S710: Statistical Computing
S710 provides graduate students in statistical science and related disciplines with a solid introduction to three areas of computational mathematics: numerical linear algebra, numerical optimization, and stochastic simulation. Although the choice of applications (and therefore, to some extent, the choice of topics) is guided by the concerns of statistics, this course is suitable for any student desiring a survey of these areas. Please note that S710 is NOT a course on computer packages for data analysis.
Class time: Monday, Wednesday : 9:30-10:45
Capacity: As many as needed.
Instructor: Daniel Manrique-Vallier - firstname.lastname@example.org
Other Contact(s): Michael Trosset October 17, 2012
Sequence: S710 is not part of a sequence.
Prerequisites: See Matrix Algebra, Calculus, and Computing.
Algebra Required?: Students should have some familiarity with basic concepts and properties of vector spaces and matrices, e.g., linear independence of vectors, eigenvalues of matrices. Matrix notation is used extensively. Students are expected to understand proofs presente
Calculus Required?: Students should have some familiarity with basic concepts from vector calculus, e.g., directional derivatives. Students are expected to understand derivations presented in class and/or reading assignments. Some homework problems may involve derivations.

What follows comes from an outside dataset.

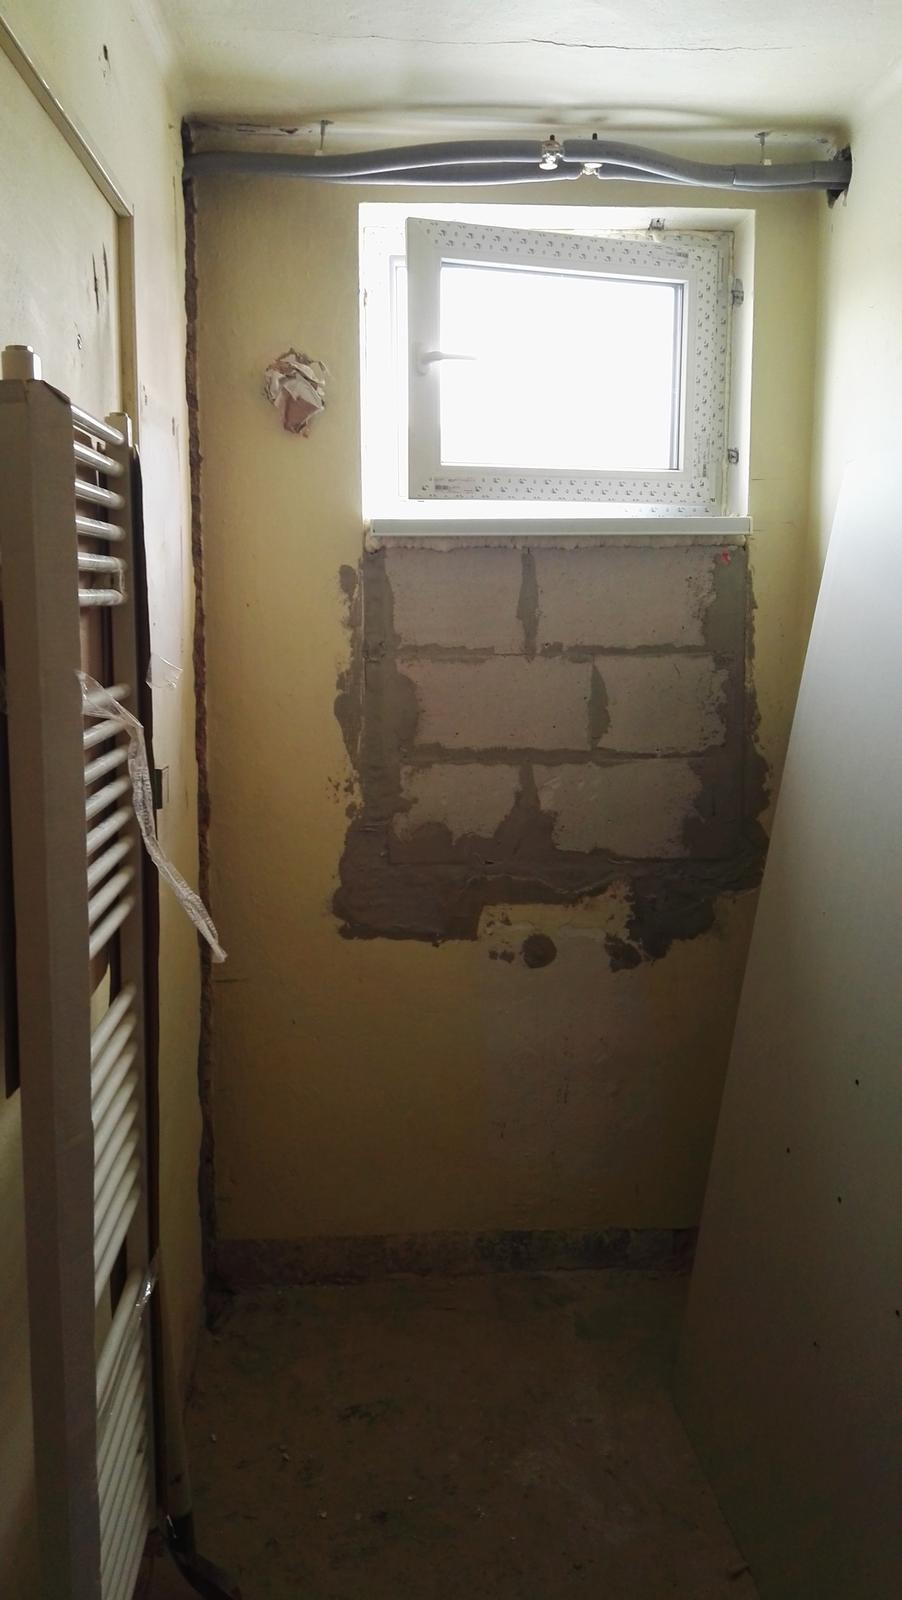 Projekt: Nové bývanie ... - ... okno zmenšené, pod ním bude na celú šírku kúpelne sprcha...

Day(s) per week offered: It has been taught on MWF in 50-minute class meetings. It could also be taught on TR in 75-minute meetings. There is no computer lab.
Recommended follow-up classes: S710 provides background in computational mathematics that will benefit students in a number of courses, e.g., STAT-S 631 and STAT-S 675.
Substantive Orientation: Statistics, informatics, computer science, library & information science, mathematics, physics, chemistry.
Statistical Orientation: Not applicable.
Books used: Numerical Linear Algebra, by L.N. Trefethen and D. Bau. Numerical Optimization, by J. Nocedal and S.J. Wright. Introducing Monte Carlo Methods with R, by C.P. Robert and G. Casella.
Applied/Theoretical: The major topics themselves (numerical linear algebra, numerical optimization, stochastic simulation) will be of interest to graduate students in statistics, informatics, and computer science. Students interested in practical methods for data analysis wil
Software Used: R
How the software is used: Some problems require programming, typically implementing and/or using an algorithm studied in class.
Problem Sets: Weekly.
Data Analysis: Some problems, e.g., solving a nonlinear least squares problem by Gauss-Newton, involve data; however, S-710 is not a course about data analysis.
Presentations: Yes, typically a paper on a topic related to the topics studied in class.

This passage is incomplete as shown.